I am a skier.  That is the first thing I think of when people ask who I am.  Skiing – and the mountains – has guided many, if not most of my life decisions since my early twenties.

However, as I get older, my body is rebelling against this sport that brings my brain so much happiness.  For the past few seasons I’ve come to accept frozen and numb feet as the norm, since my toes would go cold if it was below 40 degrees.  While I’ve been recommended a variety of solutions, from no socks to vapor barrier layers to custom molded boot liners, nothing has prevented cold feet. Lately the accumulated foot frostnip has become much worse, to the point that I am forced to stop skiing if it gets too cold.  Since this is heresy for me, N made a very convincing argument that boot heaters were the best solution.  While I’m not thrilled with the idea of wearing battery packs on my feet all day, I gave it a go, since I had no other options.

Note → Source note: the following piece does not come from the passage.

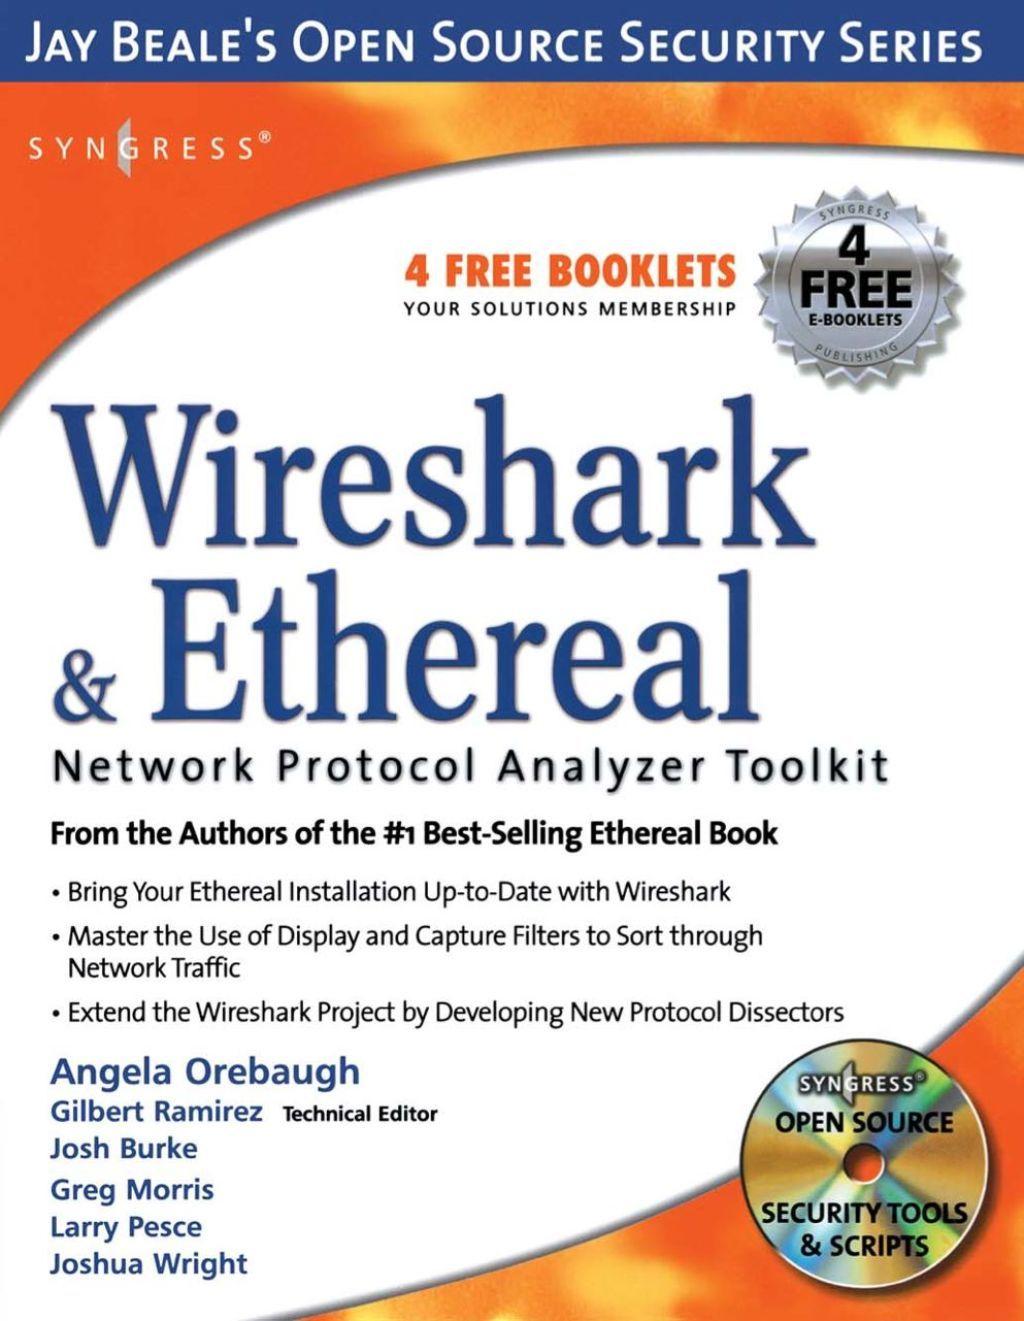 Wireshark & Ethereal Network Protocol Analyzer Toolkit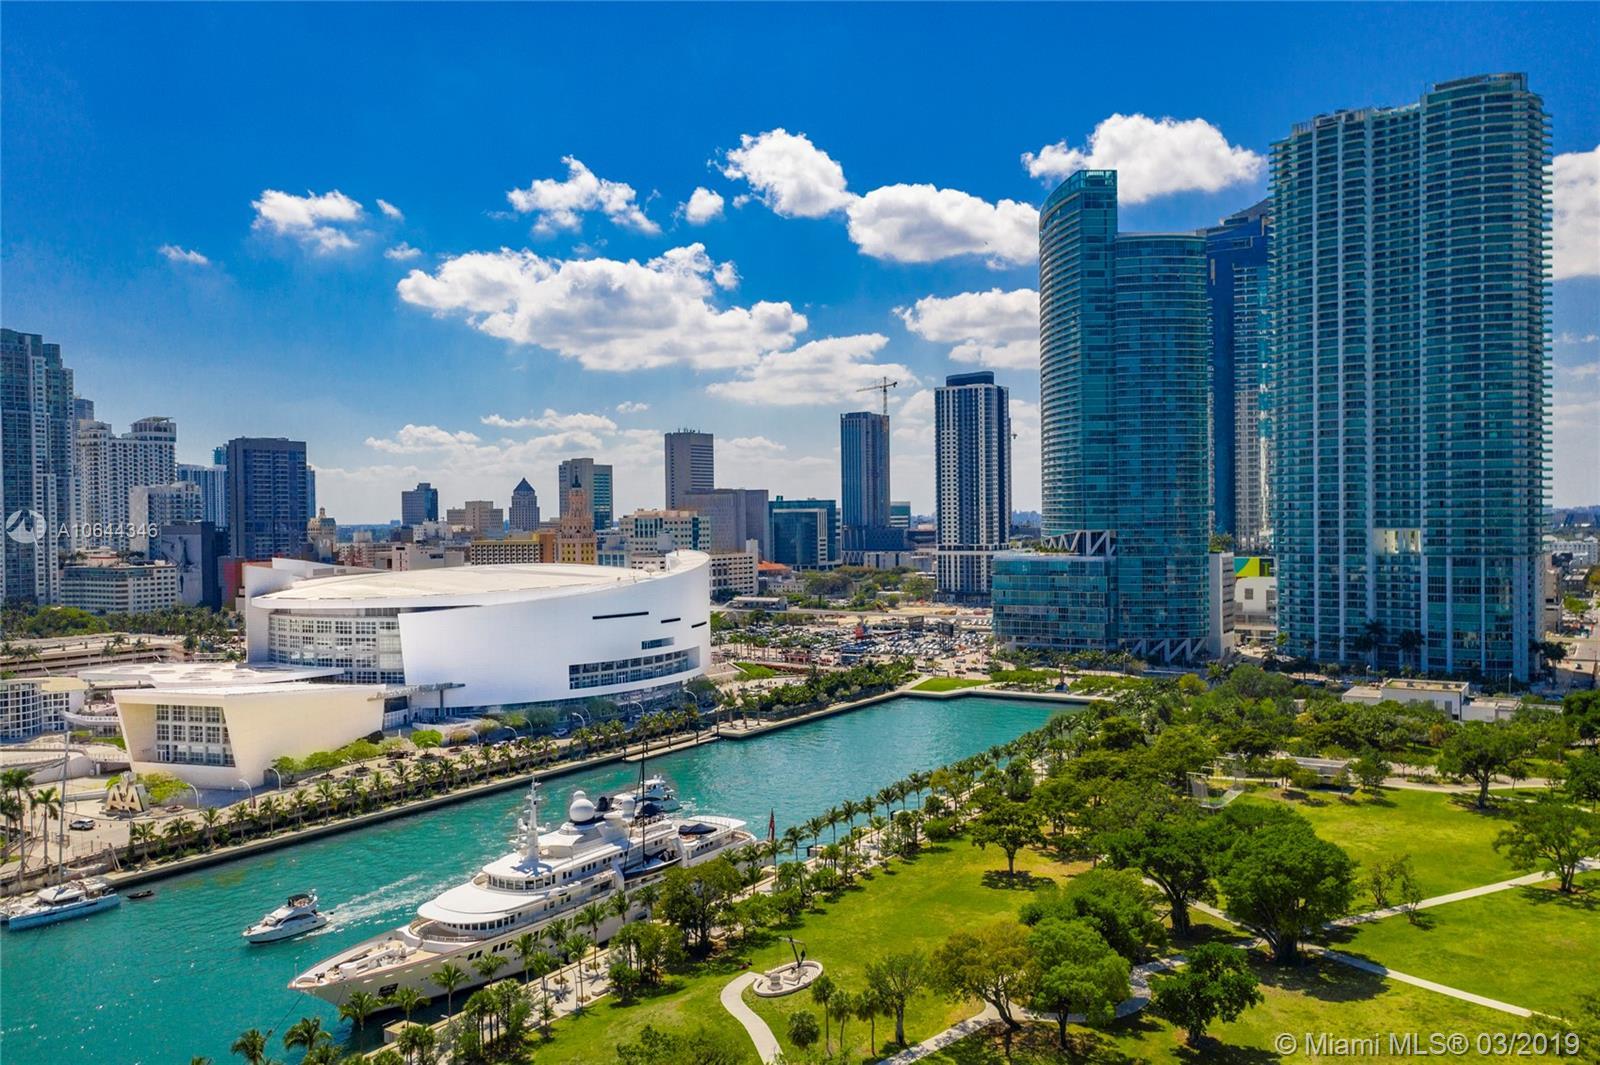 888 Biscayne Blvd, CU6 - Miami, Florida

It worked – my feet didn’t go numb, though they weren’t warm in any sense of the word.  Just – not blocks of ice.  There was an unfortunate side effect however.  The heating element has a pad that goes under the ball of the foot, and despite attempts to rig it so it lies flush with the existing footbed, mine wasn’t quite so.  And thus, molten lava-like foot pain ensued.  It was a special kind of pain, and if forced to choose, I’d say frozen feet were preferable to this.

The guys at Footloose were kind enough to do some more work on the footbed, and after a few hours on the snow today, my feet are only mildly sore.  The boot-fitting process is a time consuming one that requires multiple trips to the shop, but I’m not patient enough to do that.  Plus, with these guys in Mammoth, it’s a bit more effort.

In the meantime I’ve found a flask that I’m going to keep filled with liquid vitamin I until this thing is worked out.